**PROMPT**
Could you restate word for word each line from the top of the listing below through the line containing "Amazon: Furniturer Modern"? Keep the pictures out.

**INFORMATION PROVIDED**
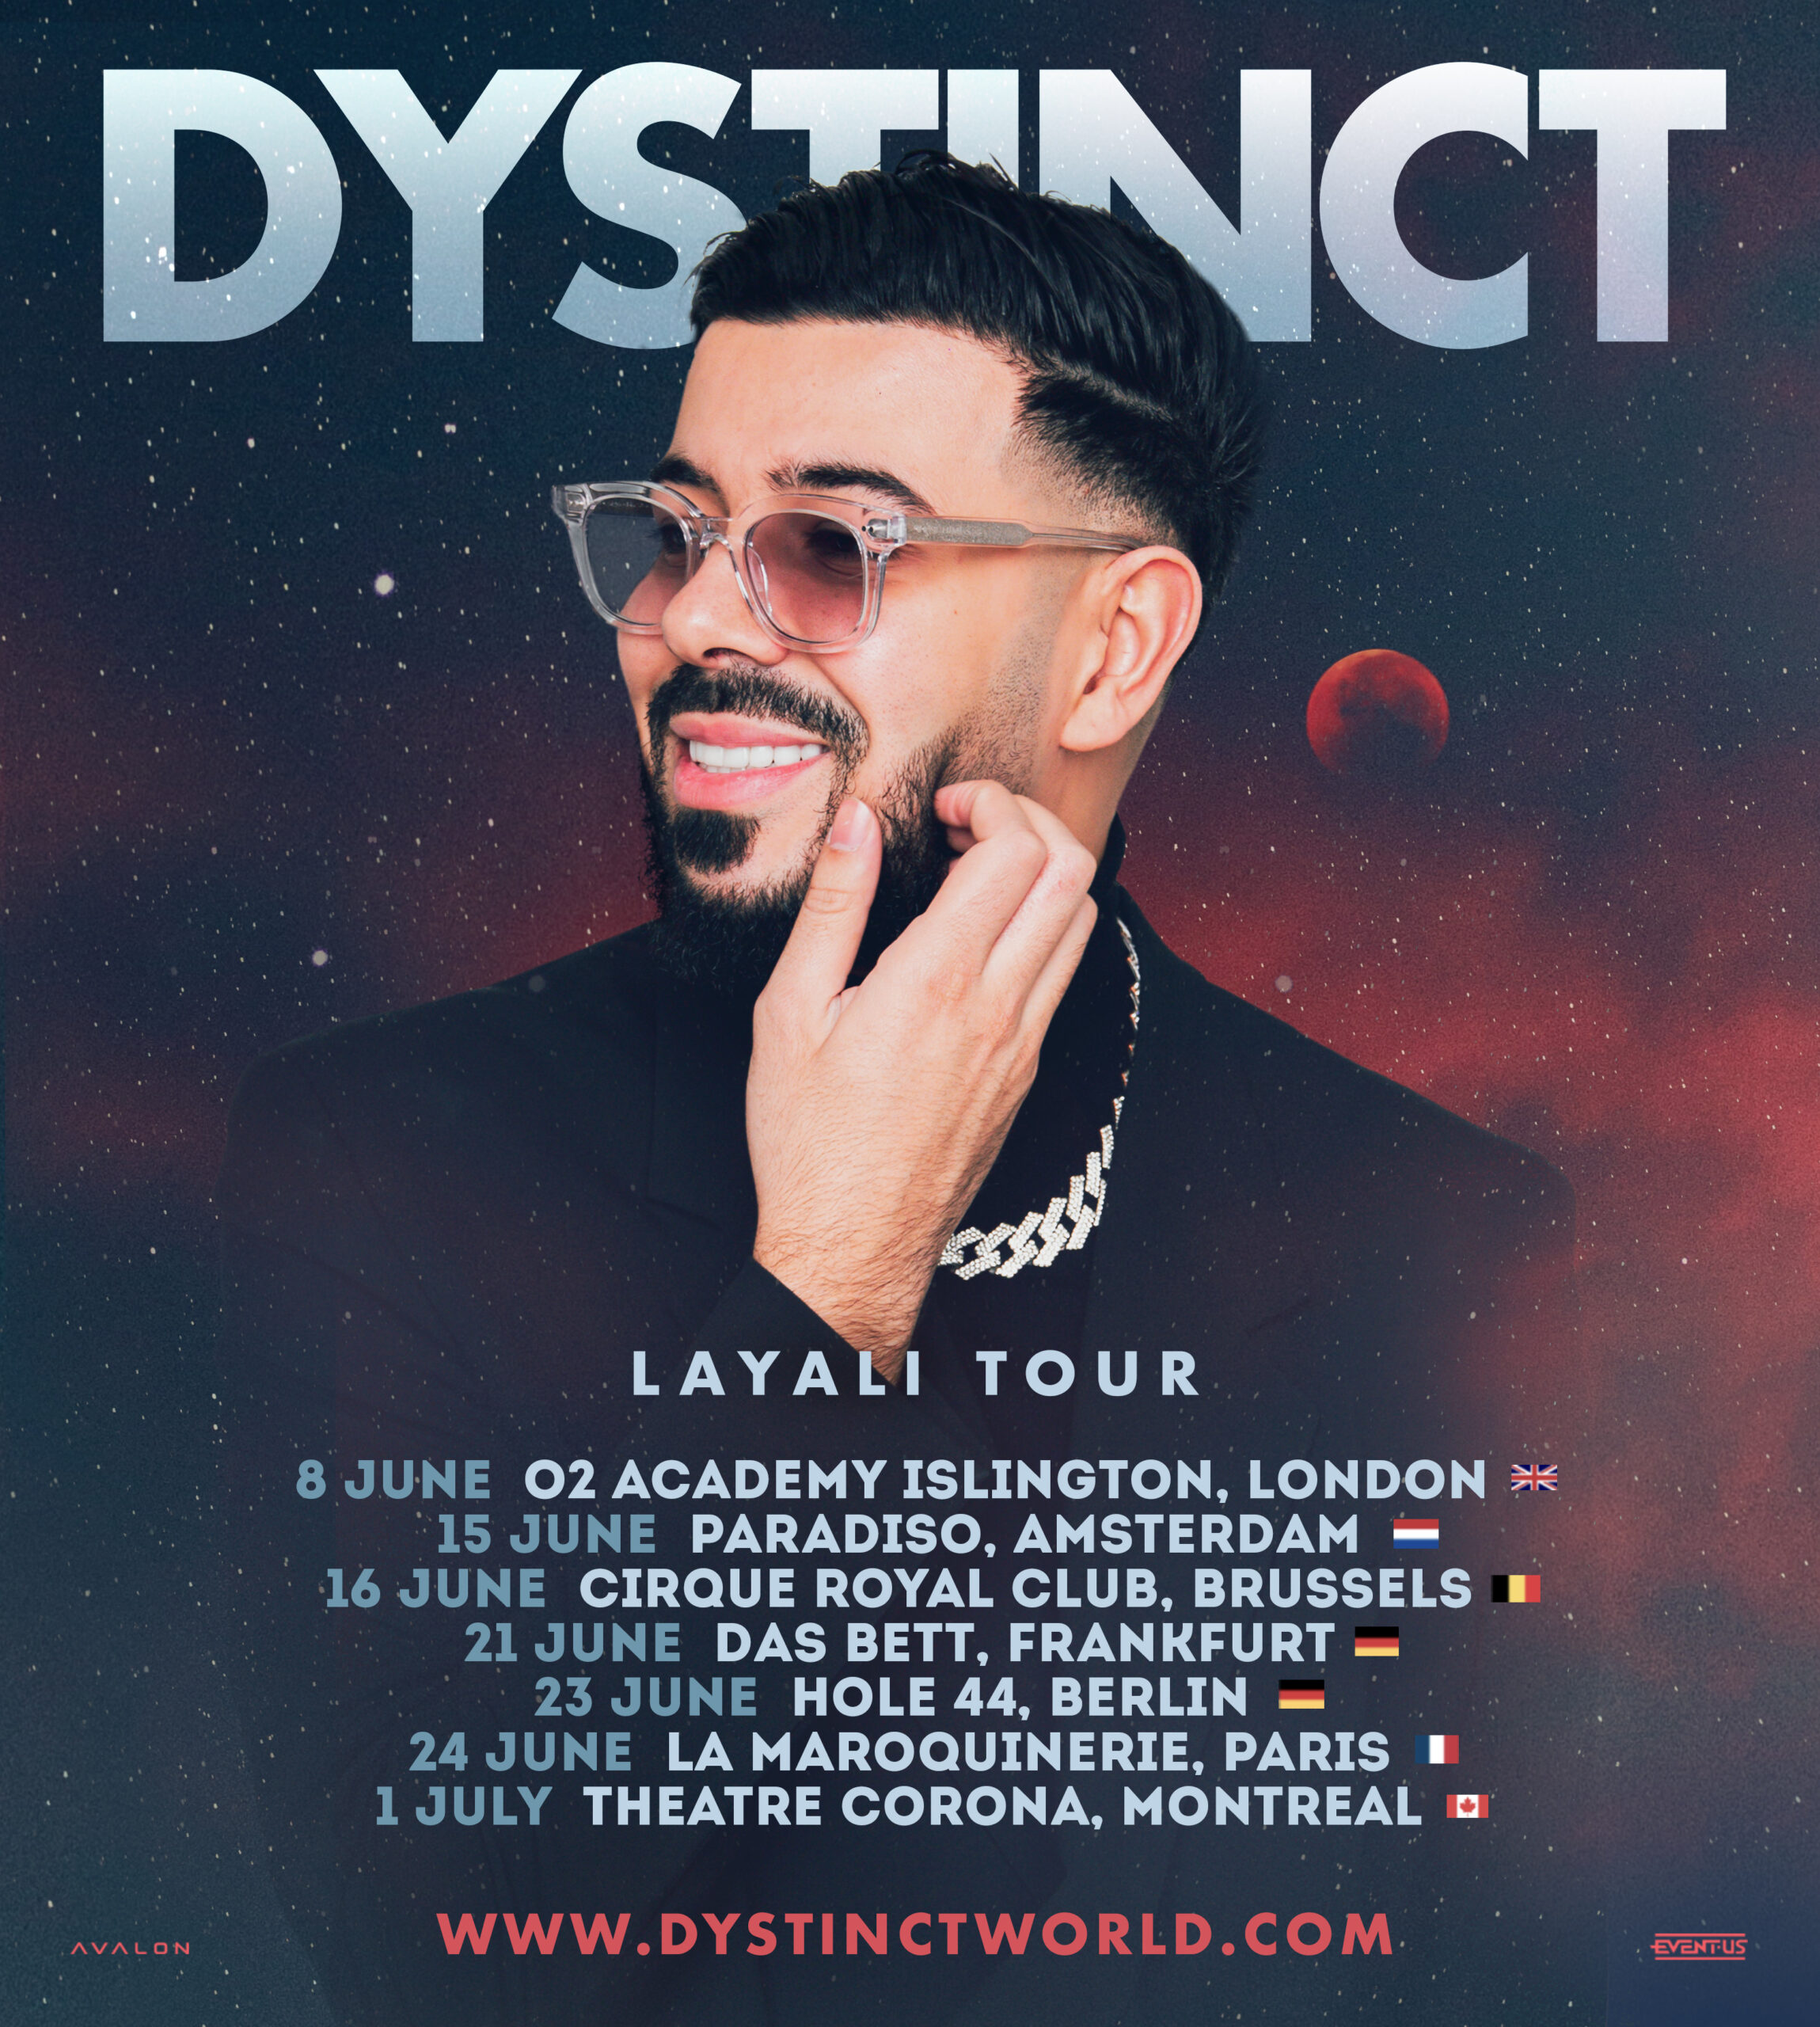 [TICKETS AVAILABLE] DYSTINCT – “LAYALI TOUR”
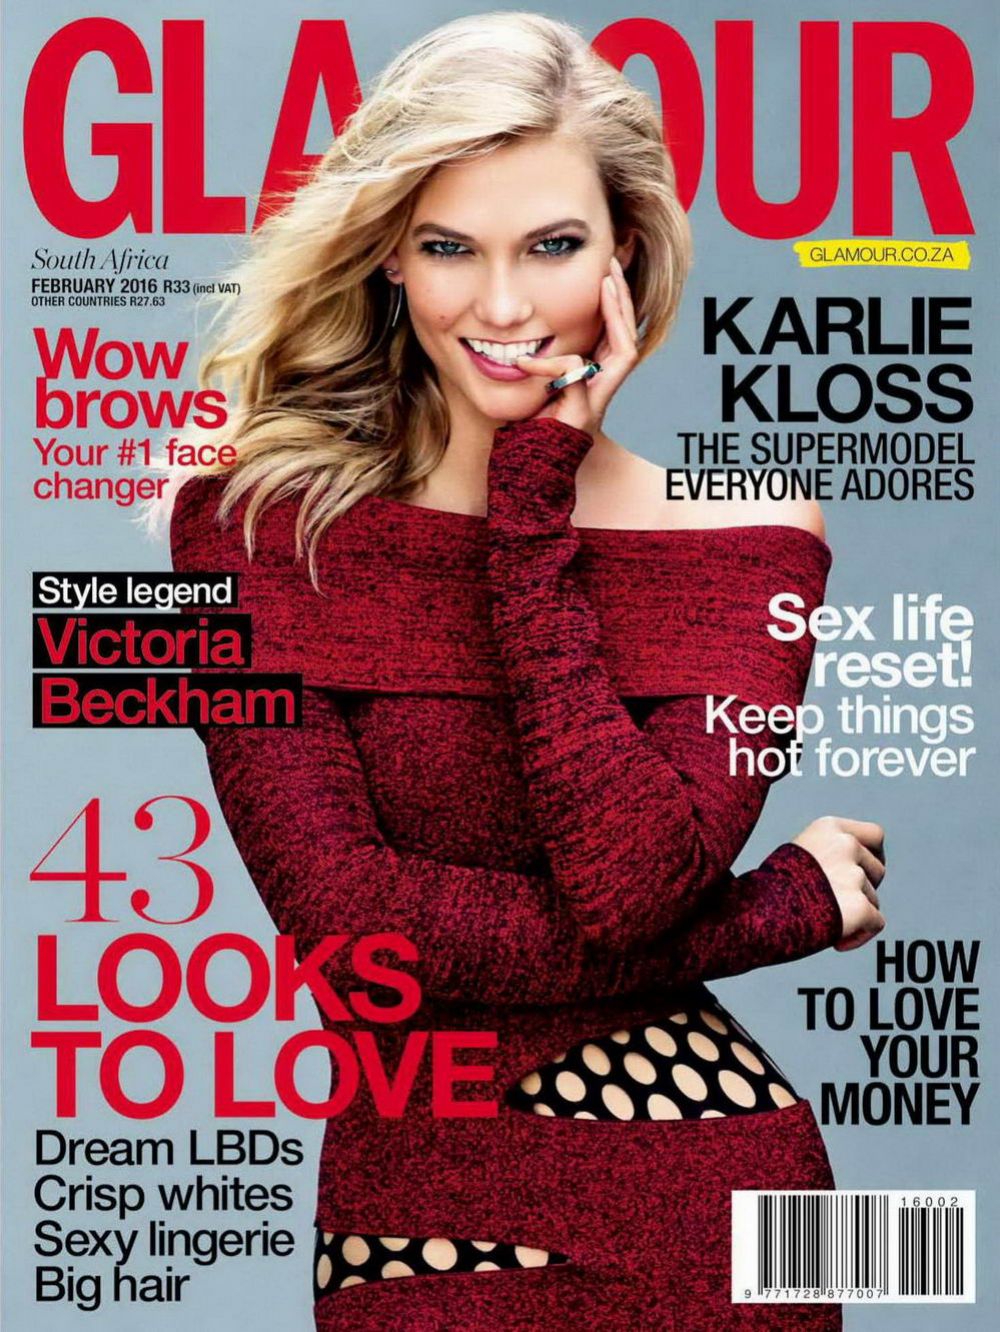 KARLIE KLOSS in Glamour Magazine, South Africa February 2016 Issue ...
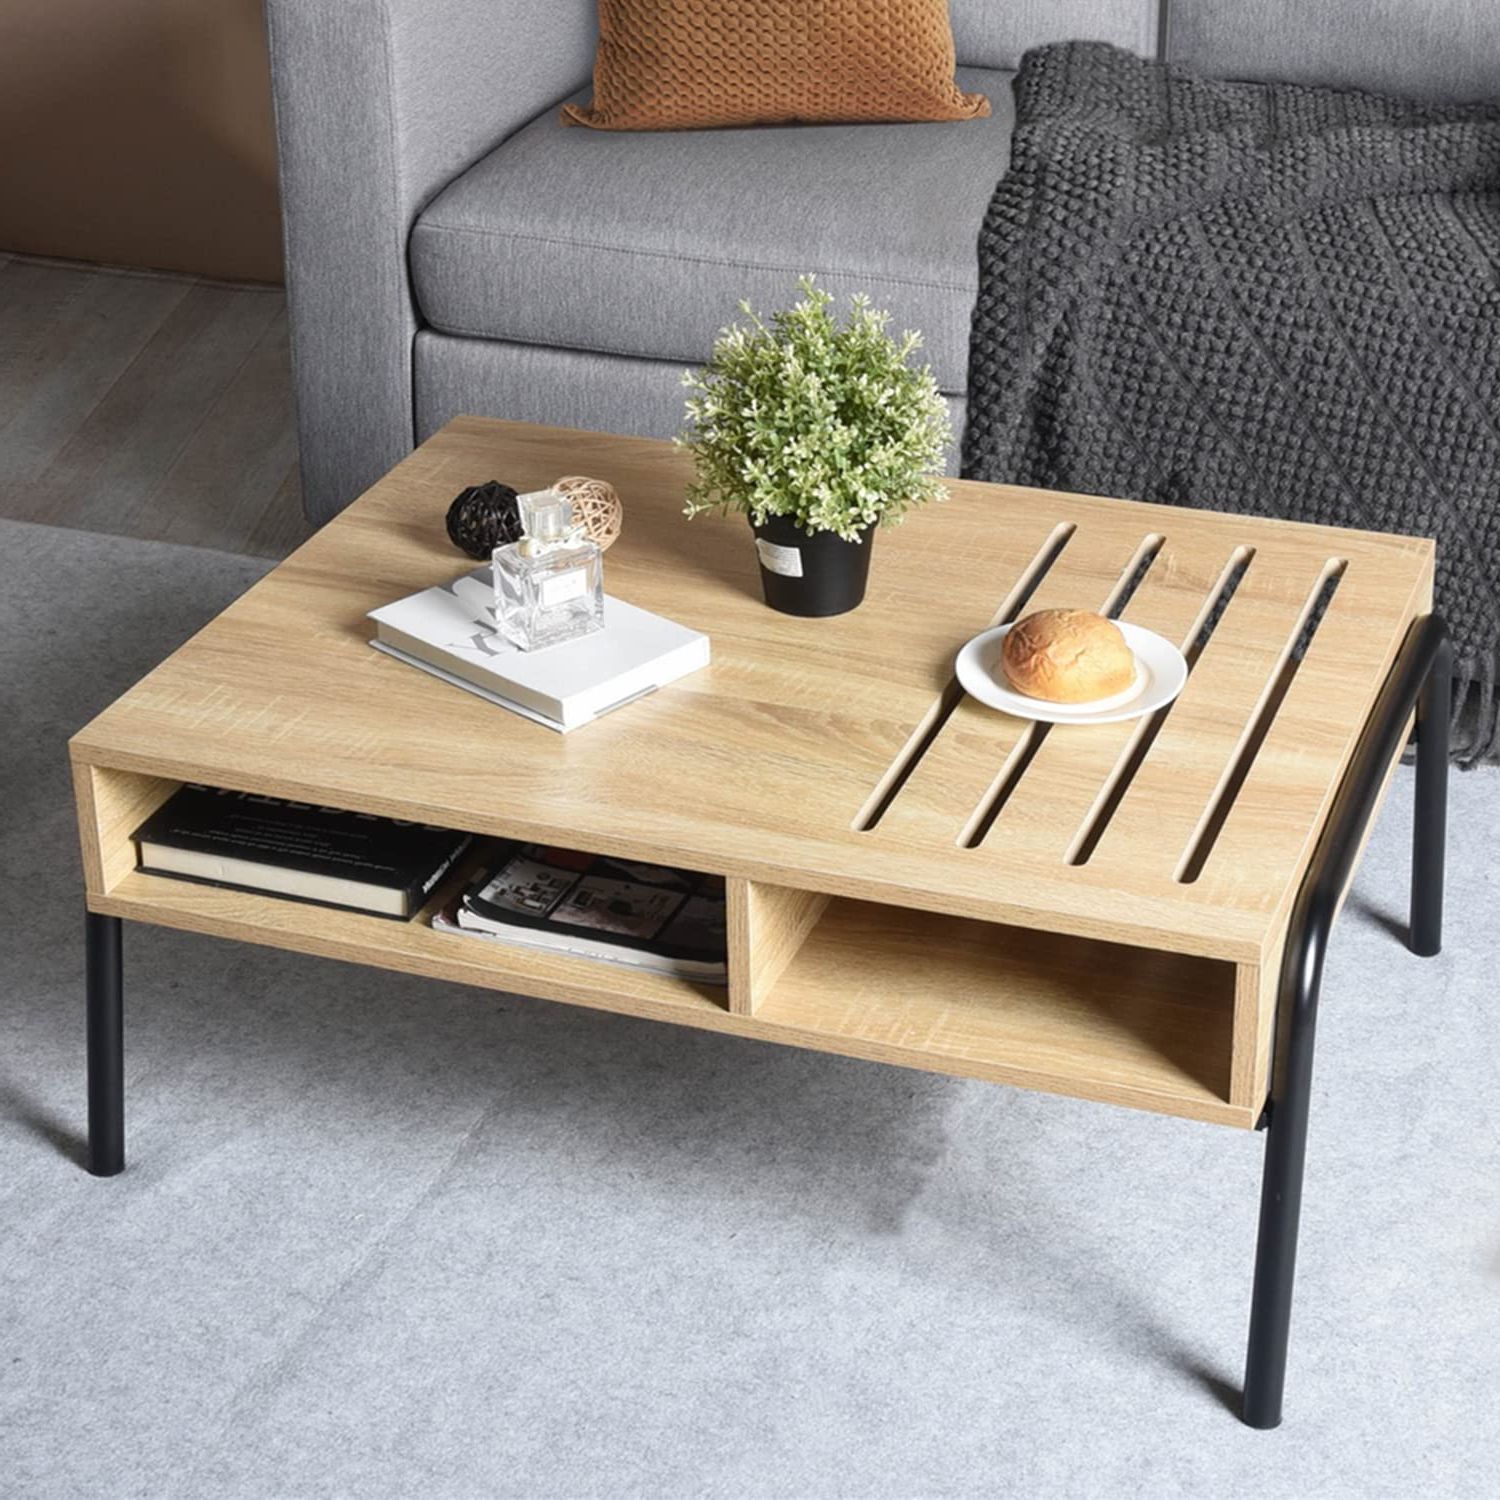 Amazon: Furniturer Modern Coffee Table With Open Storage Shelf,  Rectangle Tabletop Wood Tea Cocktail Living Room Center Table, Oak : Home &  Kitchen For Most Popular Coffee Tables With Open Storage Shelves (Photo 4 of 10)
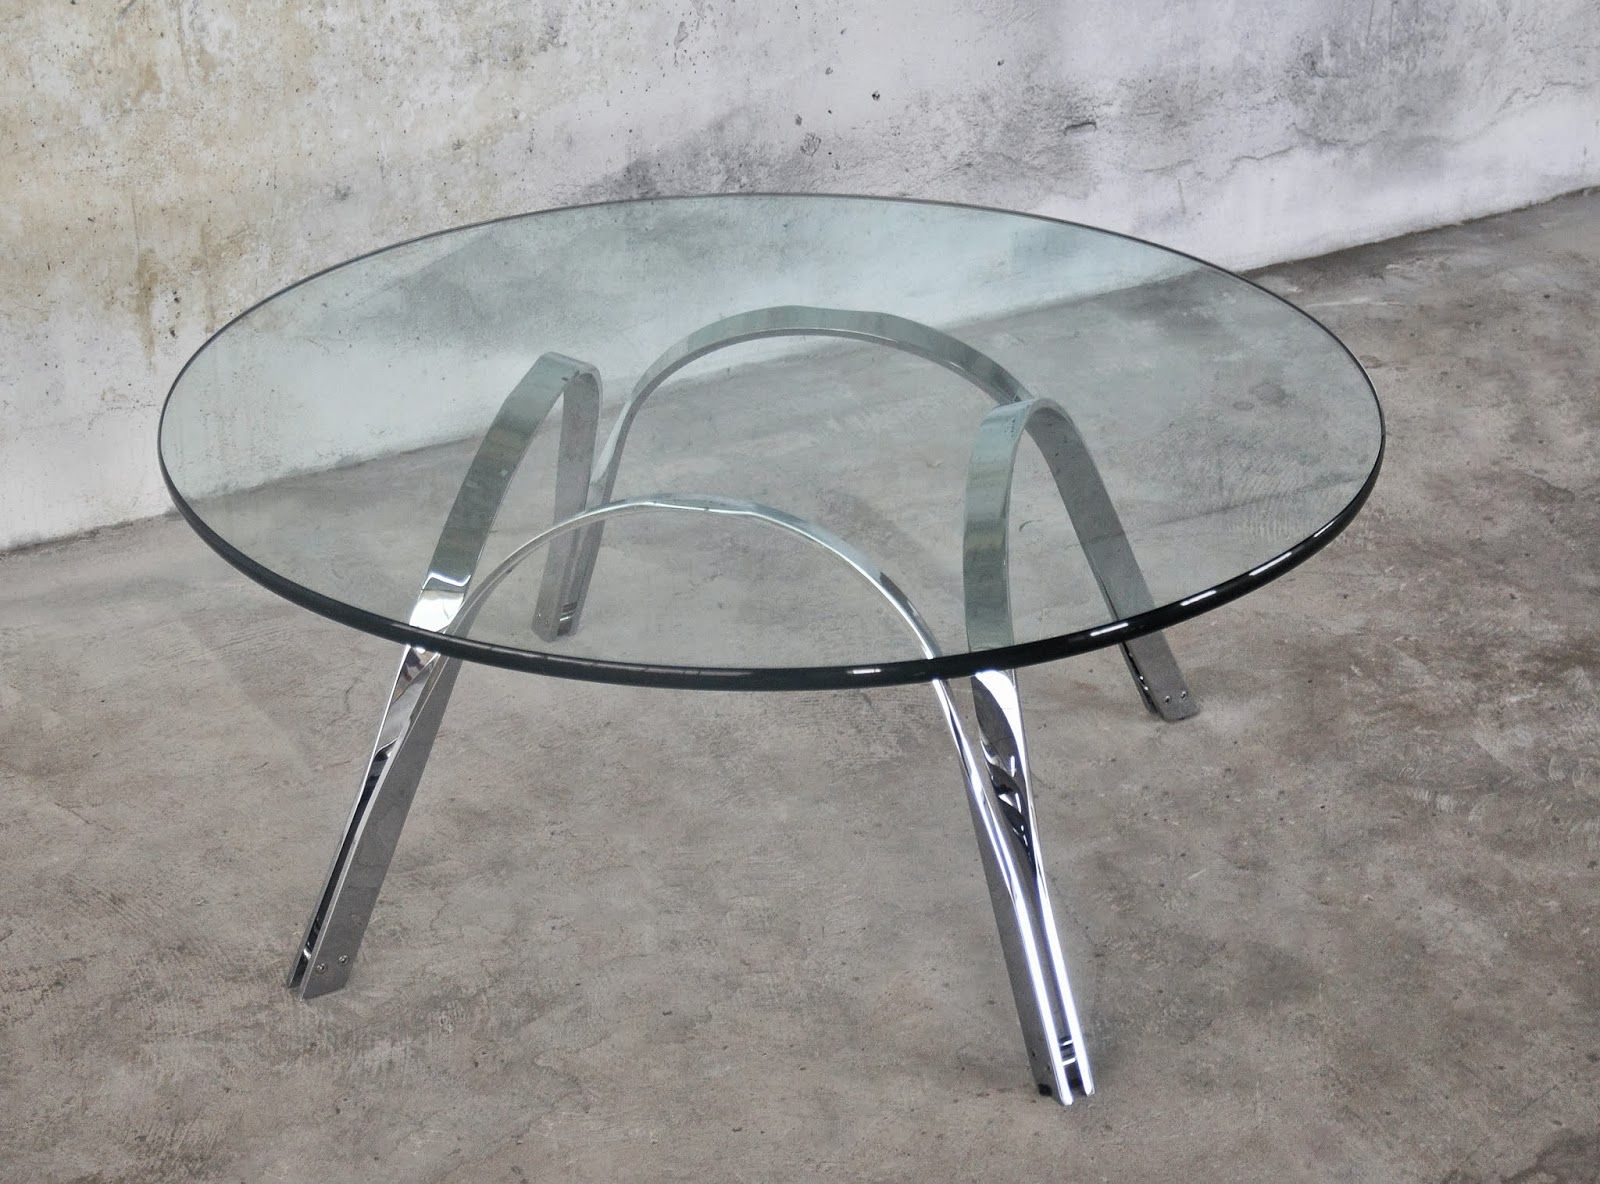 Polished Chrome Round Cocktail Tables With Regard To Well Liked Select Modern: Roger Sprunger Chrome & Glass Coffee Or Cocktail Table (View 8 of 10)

**WRITTEN ANSWER**
 [TICKETS AVAILABLE] DYSTINCT – “LAYALI TOUR”
 KARLIE KLOSS in Glamour Magazine, South Africa February 2016 Issue ...
 Amazon: Furniturer Modern Coffee Table With Open Storage Shelf,  Rectangle Tabletop Wood Tea Cocktail Living Room Center Table, Oak : Home &  Kitchen For Most Popular Coffee Tables With Open Storage Shelves (Photo 4 of 10)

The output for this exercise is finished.